== Recorded information
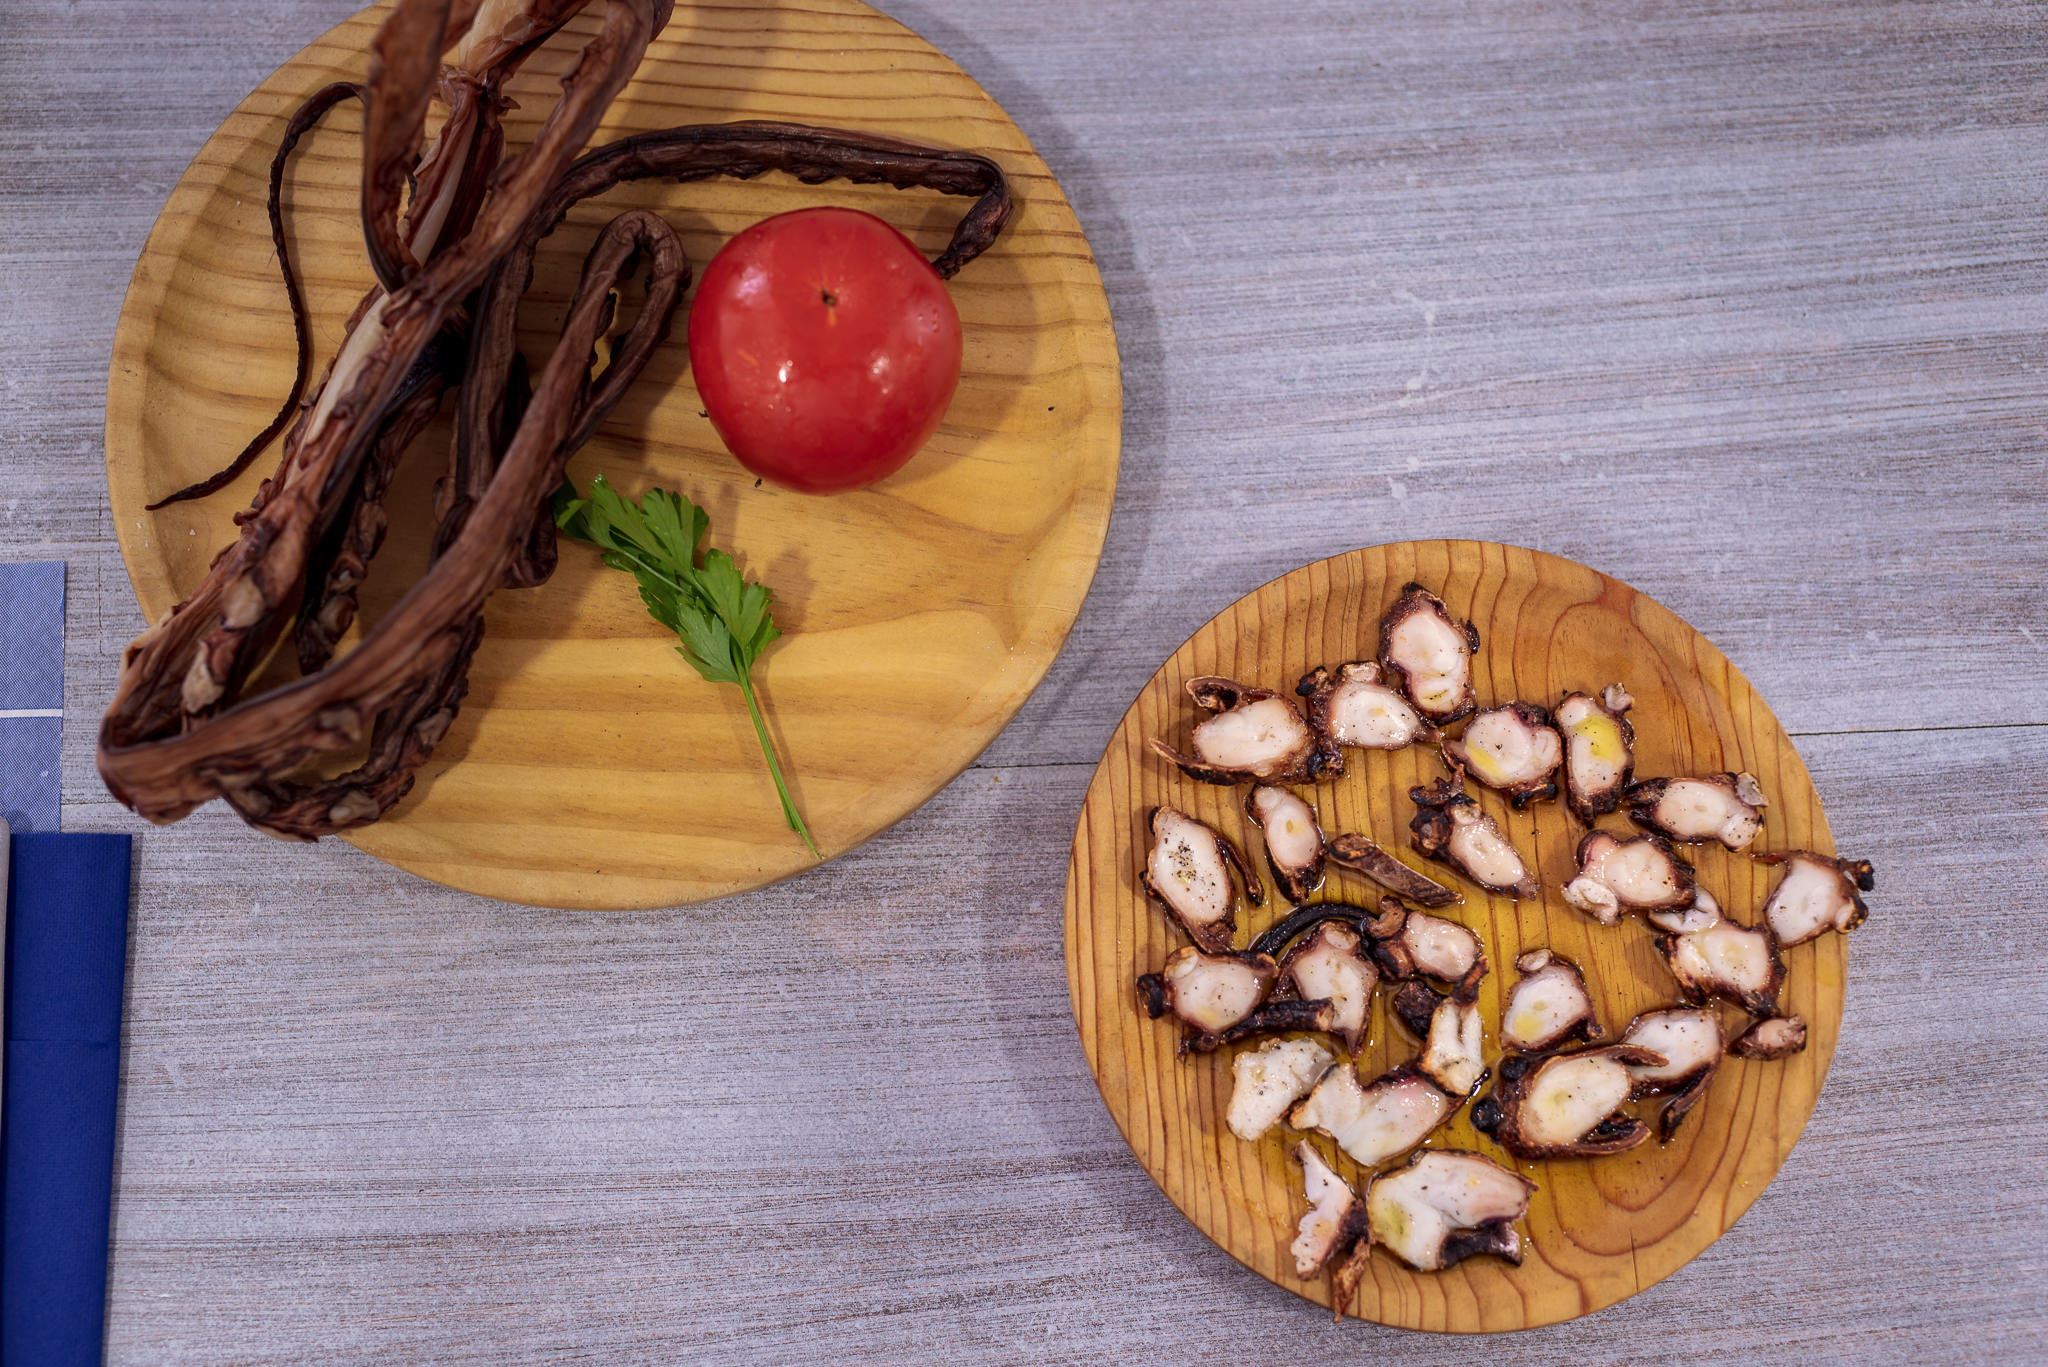 Chef Amadeo 076 - 25325
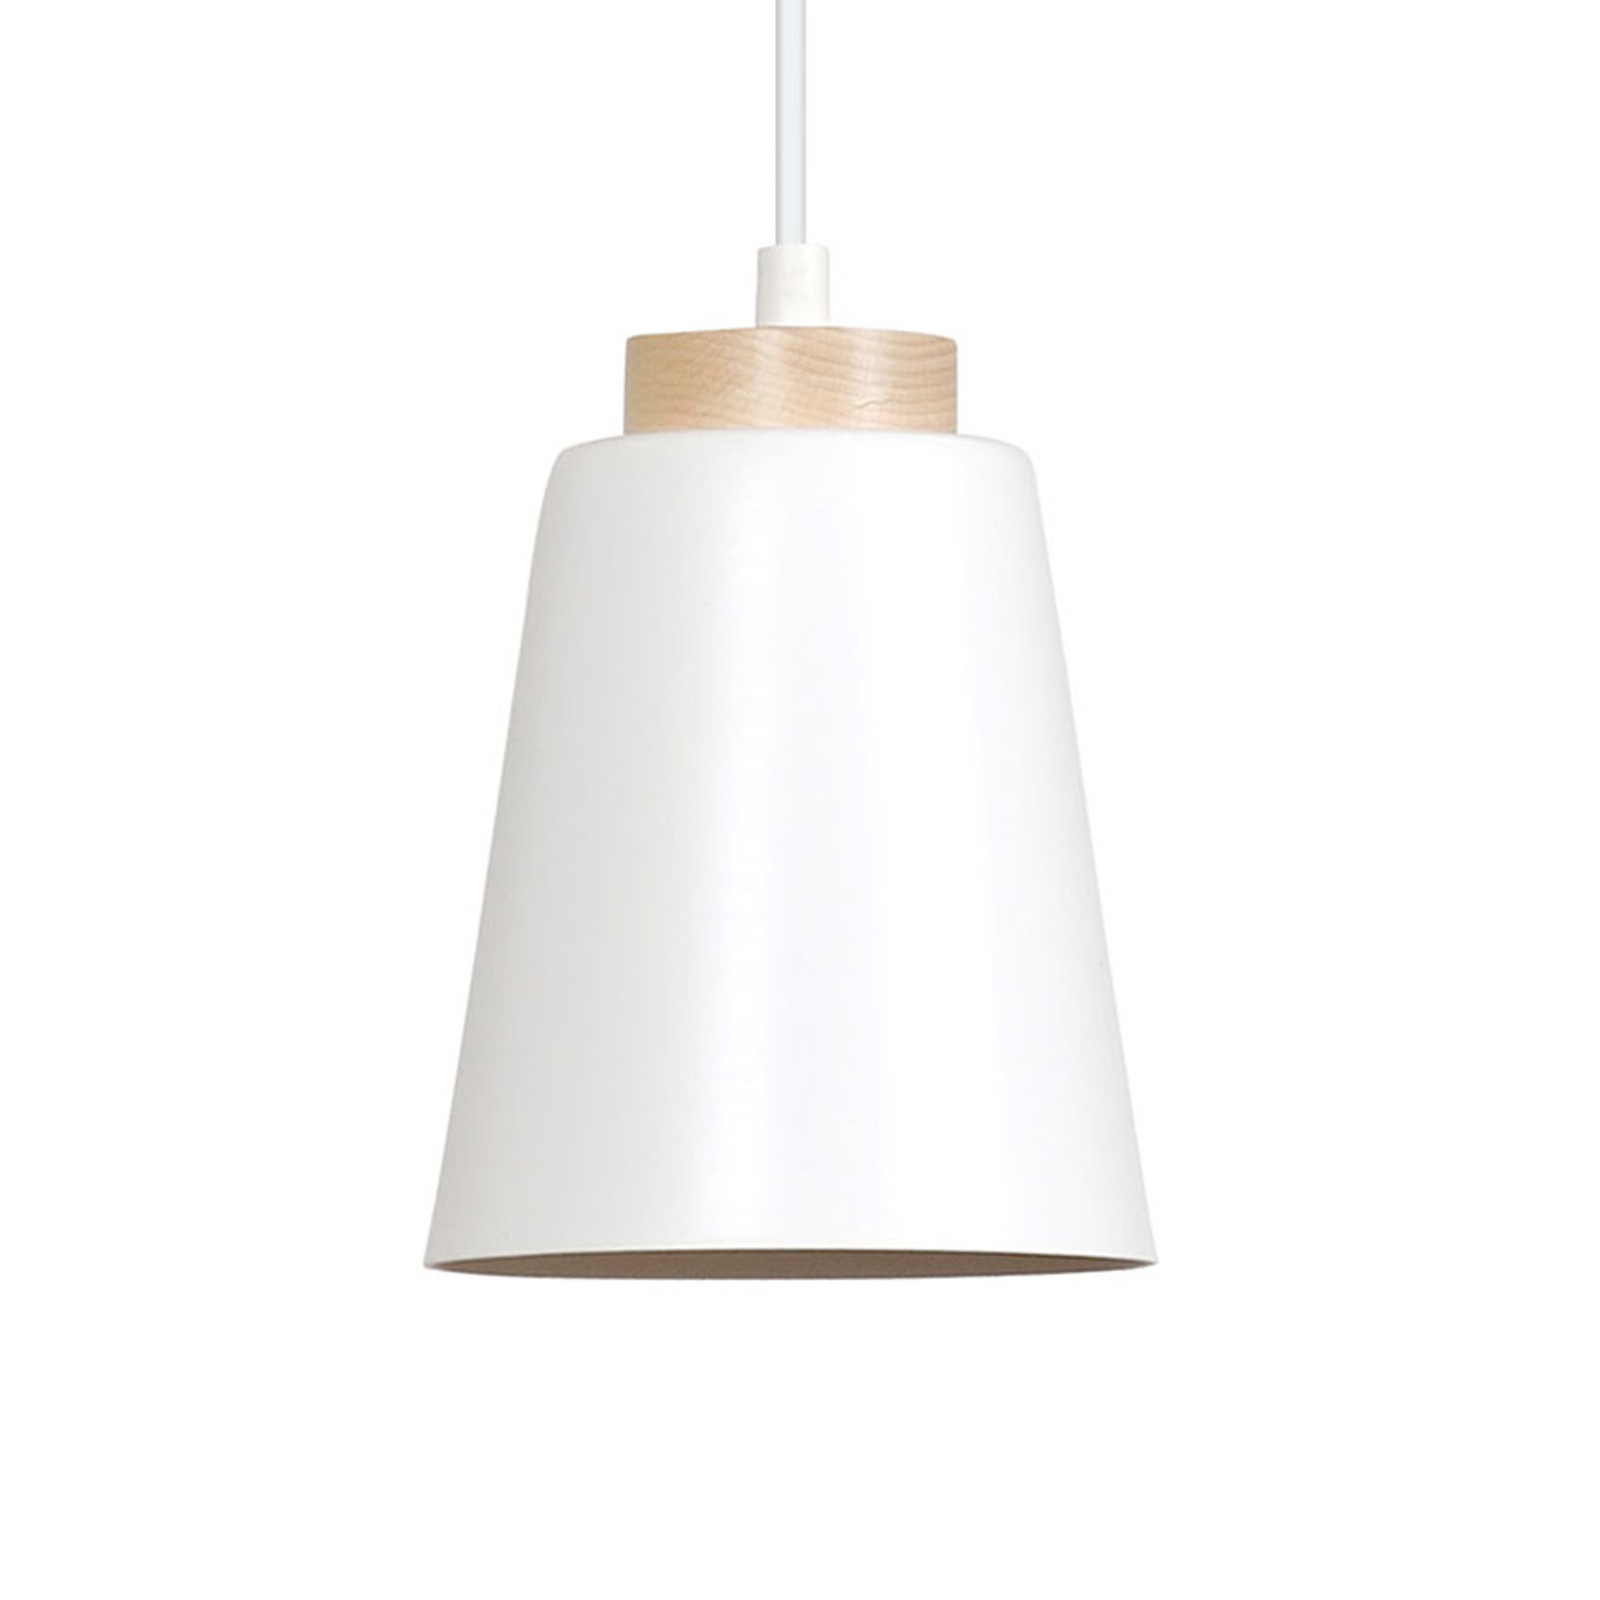 Bolero 1 hængelampe, 1 lyskilde, hvid
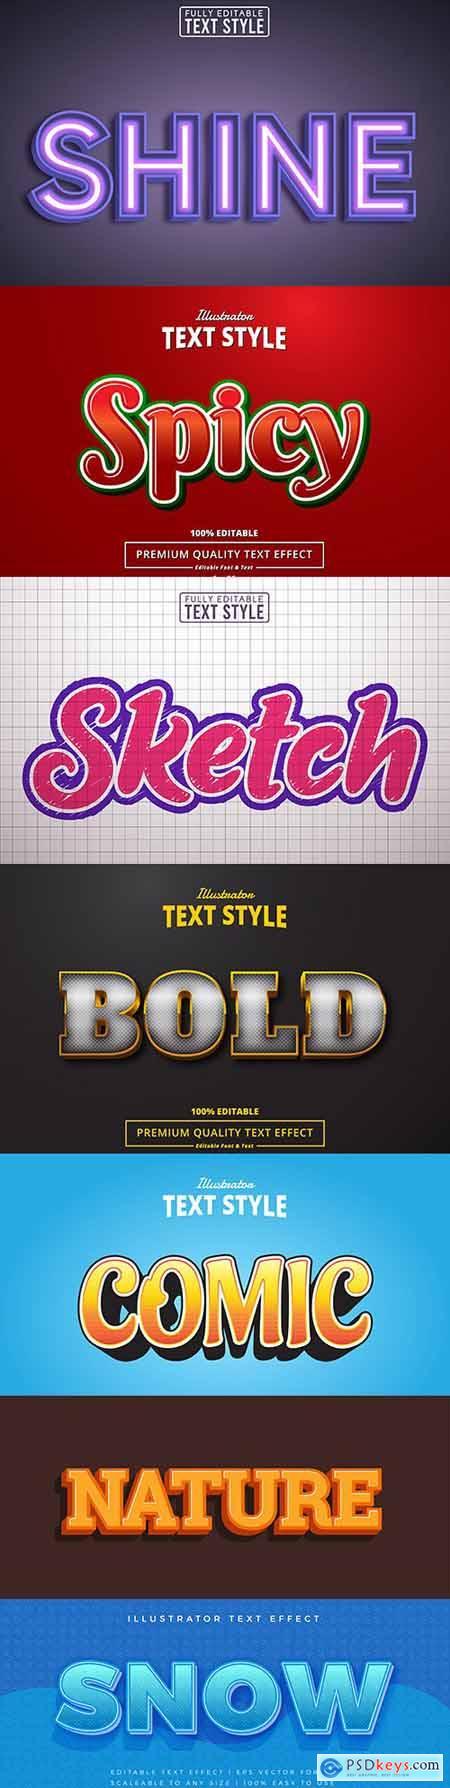 Editable font effect text collection illustration design 51
====
# [Work request]
Using the material above, set down every line exactly, but skip the pictures.

# [Task output]
 Chef Amadeo 076 - 25325
 Bolero 1 hængelampe, 1 lyskilde, hvid
 Editable font effect text collection illustration design 51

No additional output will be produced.